● **Data for this exercise**

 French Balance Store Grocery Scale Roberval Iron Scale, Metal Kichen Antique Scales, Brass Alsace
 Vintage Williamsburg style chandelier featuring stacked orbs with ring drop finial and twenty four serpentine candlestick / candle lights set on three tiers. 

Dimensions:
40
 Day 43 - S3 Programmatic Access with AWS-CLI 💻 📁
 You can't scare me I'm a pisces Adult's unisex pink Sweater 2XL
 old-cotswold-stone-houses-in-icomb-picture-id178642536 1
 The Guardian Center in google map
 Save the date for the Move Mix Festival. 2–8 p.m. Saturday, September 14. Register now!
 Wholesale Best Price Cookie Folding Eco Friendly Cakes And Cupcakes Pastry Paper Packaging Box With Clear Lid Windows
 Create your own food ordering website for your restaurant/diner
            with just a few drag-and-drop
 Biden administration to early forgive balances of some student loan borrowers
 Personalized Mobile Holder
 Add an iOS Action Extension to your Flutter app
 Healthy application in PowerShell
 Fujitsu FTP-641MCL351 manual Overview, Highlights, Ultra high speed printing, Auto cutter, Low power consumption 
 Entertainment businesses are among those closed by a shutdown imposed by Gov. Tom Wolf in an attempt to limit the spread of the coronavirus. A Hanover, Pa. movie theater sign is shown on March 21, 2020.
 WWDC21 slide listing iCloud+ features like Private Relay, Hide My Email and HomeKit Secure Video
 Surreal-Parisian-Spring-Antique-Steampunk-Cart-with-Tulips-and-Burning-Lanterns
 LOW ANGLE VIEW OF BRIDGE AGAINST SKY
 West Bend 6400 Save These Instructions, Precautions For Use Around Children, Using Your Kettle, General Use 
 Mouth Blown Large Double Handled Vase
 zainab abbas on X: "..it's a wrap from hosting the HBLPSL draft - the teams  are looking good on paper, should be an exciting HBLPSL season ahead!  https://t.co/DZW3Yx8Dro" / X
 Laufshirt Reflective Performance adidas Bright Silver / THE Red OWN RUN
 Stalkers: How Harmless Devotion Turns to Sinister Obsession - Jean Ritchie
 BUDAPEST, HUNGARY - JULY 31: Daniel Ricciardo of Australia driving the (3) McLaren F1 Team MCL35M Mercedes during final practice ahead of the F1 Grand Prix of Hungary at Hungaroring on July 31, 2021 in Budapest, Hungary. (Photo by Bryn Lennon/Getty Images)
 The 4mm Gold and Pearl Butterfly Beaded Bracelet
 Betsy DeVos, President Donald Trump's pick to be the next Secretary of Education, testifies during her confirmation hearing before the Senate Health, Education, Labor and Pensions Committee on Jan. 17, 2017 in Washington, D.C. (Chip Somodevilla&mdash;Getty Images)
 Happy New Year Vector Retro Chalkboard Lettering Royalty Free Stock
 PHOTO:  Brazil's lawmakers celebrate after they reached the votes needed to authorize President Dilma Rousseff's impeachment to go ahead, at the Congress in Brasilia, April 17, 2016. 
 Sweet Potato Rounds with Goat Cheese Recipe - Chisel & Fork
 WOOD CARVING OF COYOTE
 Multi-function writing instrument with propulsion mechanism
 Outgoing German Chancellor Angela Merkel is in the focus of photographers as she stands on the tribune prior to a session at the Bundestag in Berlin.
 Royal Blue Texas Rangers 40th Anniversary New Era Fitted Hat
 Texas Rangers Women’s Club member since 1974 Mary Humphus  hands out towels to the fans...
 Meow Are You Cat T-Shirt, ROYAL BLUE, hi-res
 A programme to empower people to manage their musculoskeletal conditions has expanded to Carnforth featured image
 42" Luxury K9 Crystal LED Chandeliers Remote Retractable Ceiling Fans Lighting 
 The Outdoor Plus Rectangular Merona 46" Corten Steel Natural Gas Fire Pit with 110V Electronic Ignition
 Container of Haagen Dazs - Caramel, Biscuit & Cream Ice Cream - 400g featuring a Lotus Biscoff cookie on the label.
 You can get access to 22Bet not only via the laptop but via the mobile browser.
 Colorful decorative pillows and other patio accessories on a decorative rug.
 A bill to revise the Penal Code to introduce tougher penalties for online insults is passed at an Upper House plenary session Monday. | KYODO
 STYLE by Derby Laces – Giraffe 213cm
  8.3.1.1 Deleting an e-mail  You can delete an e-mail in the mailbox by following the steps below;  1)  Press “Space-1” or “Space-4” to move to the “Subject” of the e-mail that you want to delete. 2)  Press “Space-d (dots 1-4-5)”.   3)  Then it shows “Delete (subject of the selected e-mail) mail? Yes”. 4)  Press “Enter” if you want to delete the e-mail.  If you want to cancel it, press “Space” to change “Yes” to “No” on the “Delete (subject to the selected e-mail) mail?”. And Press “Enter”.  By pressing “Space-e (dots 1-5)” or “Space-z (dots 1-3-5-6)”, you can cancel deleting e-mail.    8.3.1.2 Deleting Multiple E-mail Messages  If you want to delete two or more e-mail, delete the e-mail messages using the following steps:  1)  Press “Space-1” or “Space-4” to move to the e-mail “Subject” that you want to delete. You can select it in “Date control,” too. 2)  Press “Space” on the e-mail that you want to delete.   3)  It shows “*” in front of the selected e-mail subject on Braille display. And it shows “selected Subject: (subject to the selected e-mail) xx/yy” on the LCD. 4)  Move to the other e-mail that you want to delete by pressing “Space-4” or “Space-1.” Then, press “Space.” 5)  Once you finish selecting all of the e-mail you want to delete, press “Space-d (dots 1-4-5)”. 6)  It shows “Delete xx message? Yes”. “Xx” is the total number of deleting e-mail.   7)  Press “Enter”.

● **Required work**
Reproduce, exactly as they stand in the data above, the lines from the one that holds "The 4mm Gold" to the one that holds "Betsy DeVos, President", inclusive.

● **Answer space**
 The 4mm Gold and Pearl Butterfly Beaded Bracelet
 Betsy DeVos, President Donald Trump's pick to be the next Secretary of Education, testifies during her confirmation hearing before the Senate Health, Education, Labor and Pensions Committee on Jan. 17, 2017 in Washington, D.C. (Chip Somodevilla&mdash;Getty Images)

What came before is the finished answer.